Jacob's real sin was in not ushering Sinden to the door earlier. Harry was a fossil by 1994 and really hamstrung the team because he was building for a different era. I have been told by a few folks in the know that another sin that could be laid at Jacobs' door is that their scouting and data filing procedures were WOEFULLY inadequate for many years after other teams had modernized those areas. So he should take blame for that too.

Maybe that's why they drafted Jeff Lazaro and Zack Fucking Hamill. Gah.
In 1987, the Bruins took the obvious pick having the third pick in a 2-star (Turgeon and Shanahan) draft. Glen Wesley, one of the fruits of the Neely/Pederson trade, was the most highly rated defenseman in that draft. Of course, later in the round they picked Quintal one slot ahead of Joe Sakic.

1988: Rob Cimetta was a terrible pick, but so were numerous players taken late that first round and into the second round that same draft. There were some mid-to-late round gems (Mark Recchi), but I tend to give teams a pass for missing such players, as they were overlooked by many teams multiple times.

1989: Almost the same situation as 1988, although 2nd round was much more fruitful. Still, Shayne Stevenson - ugh.

1990: As the draft was seeded by regular season record, the Bruins had the bottom pick of each round, and no 2nd rounder (traded for Brian Propp). Bryan Smolinski was a decent pick, and they even got some value from Cam Stewart (3rd round).

1991: Drafted Murray, Stumpel and Czerkawski. Of course, Murray and Smolinksi were ditched in the horrific Kevin Stevens trade, Stumpel was traded for Dafoe and Kristich, and Czerkawski was traded for Bill Ranford. Lots of tail chasing.

1992: For some reason, Sinden traded the 2nd rounder for Petri Skriko. This was the Russian draft: Dmitri Kvartalnov and Sergei Zholtok were the team's top 2 choices.

1993: Kevyn Adams wasn't a bad pick for the draft slot they had. Problem was that Sinden didn't sign him and he ended up signing with Toronto. A waste in that there were players Sinden should have liked that were on the board in Jay Pandolfo and Jamie Langenbrunner. They did get Hal Gill in a later round.

1994: Horrible draft for them, with useful players on the board when they drafted a Russian goalie that never suited up in the NHL (Jose Theodore was available), which was followed by a 2nd round whiff as well.

1995: Glen Wesley got expensive, so he was traded. Kyle McLaren wasn't the worst pick at the position, but Iginla and Giguire were both available. They badly missed with their own first rounder (Sean Brown). But they did find PJ Axelsson in a late round.

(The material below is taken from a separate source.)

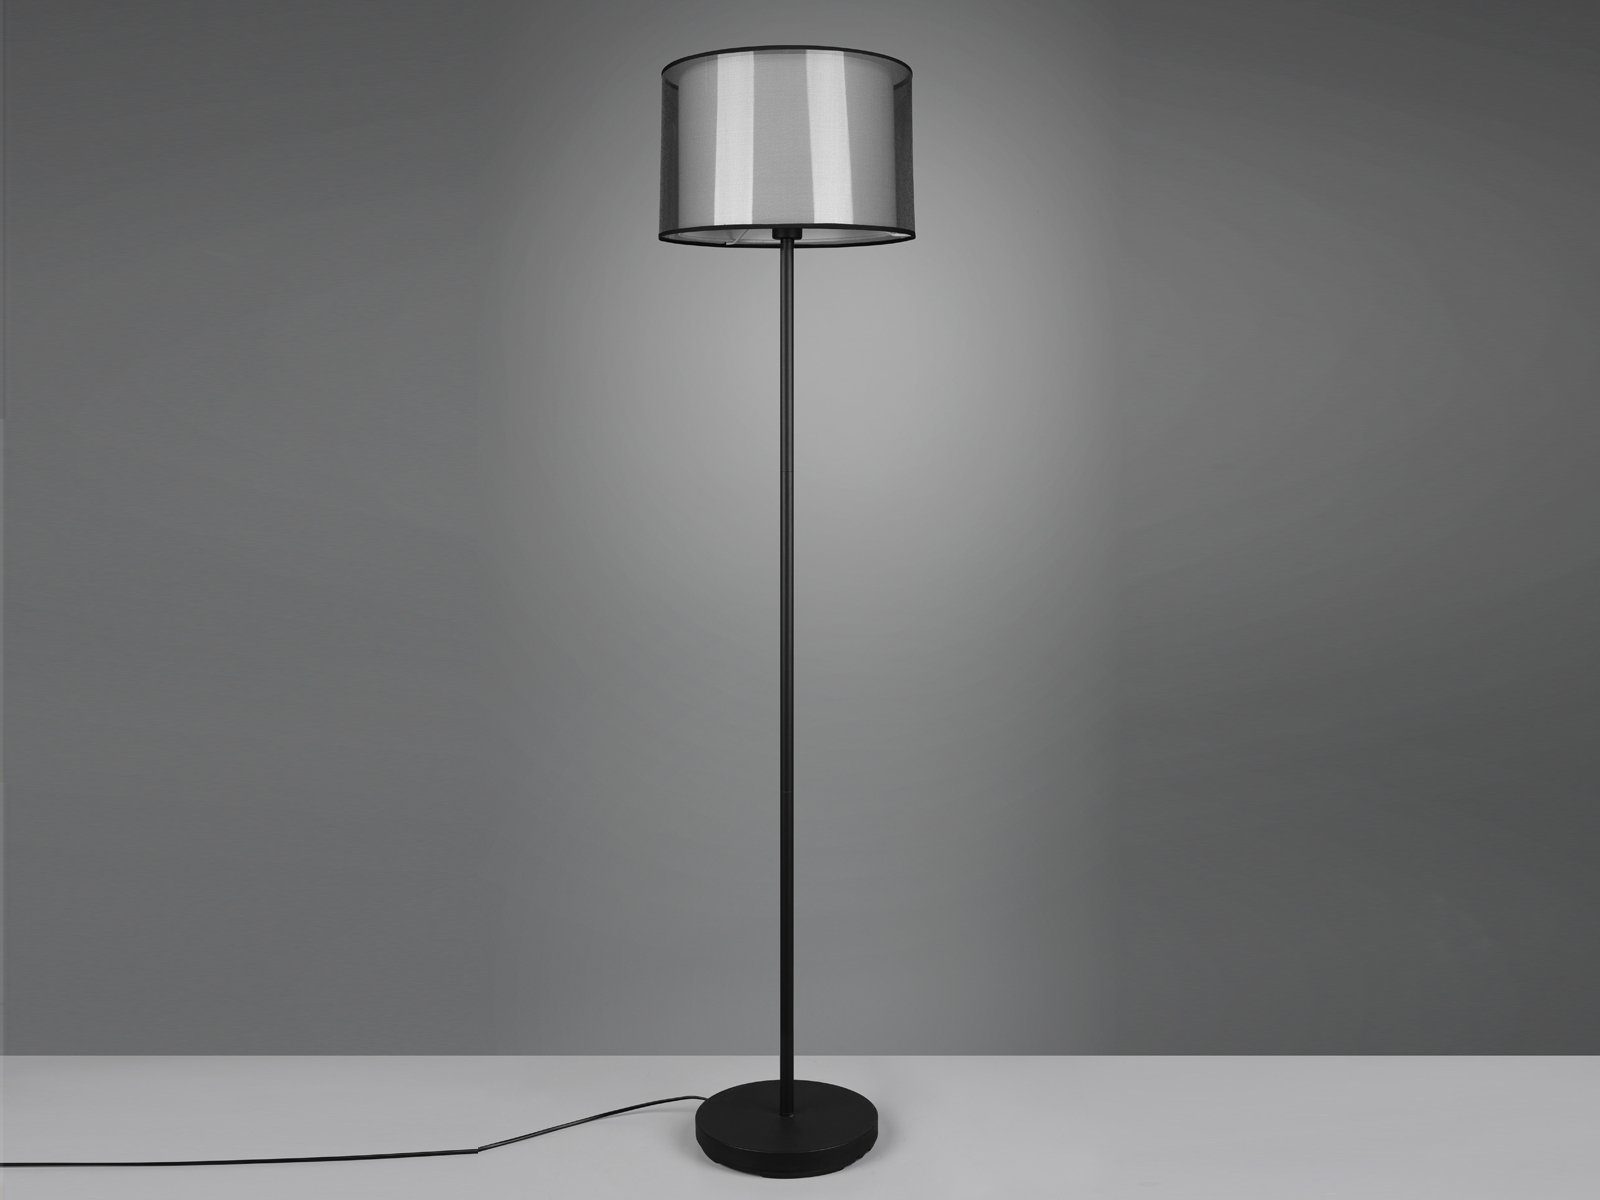 dimmbar H: meineWunschleuchte wechselbar, Lampe mit Stehlampe, Lampen-schirm, LED ausgefallene Stoff Warmweiß, LED Design-er 150cm

1996: They had the 9th pick in an overall horrible draft year. But they couldn't have done any worse than Jonathan Aitken. Yuck.

1997: Thornton was the obvious pick in this one. And Samsanov was a nice draft as well, even with Marian Hossa still on the table. But they got nothing from the later rounds.

1998: Their first rounder was traded for the Lost Twins. Their 4th rounder was part of the Byron Dafoe trade. And none of their lottery tickets scratched off.

1999: There wasn't a ton of talent at their draft slot (#21), so Nick Boynton was a solid pick. OK, there was Zetterberg, but everyone missed on him.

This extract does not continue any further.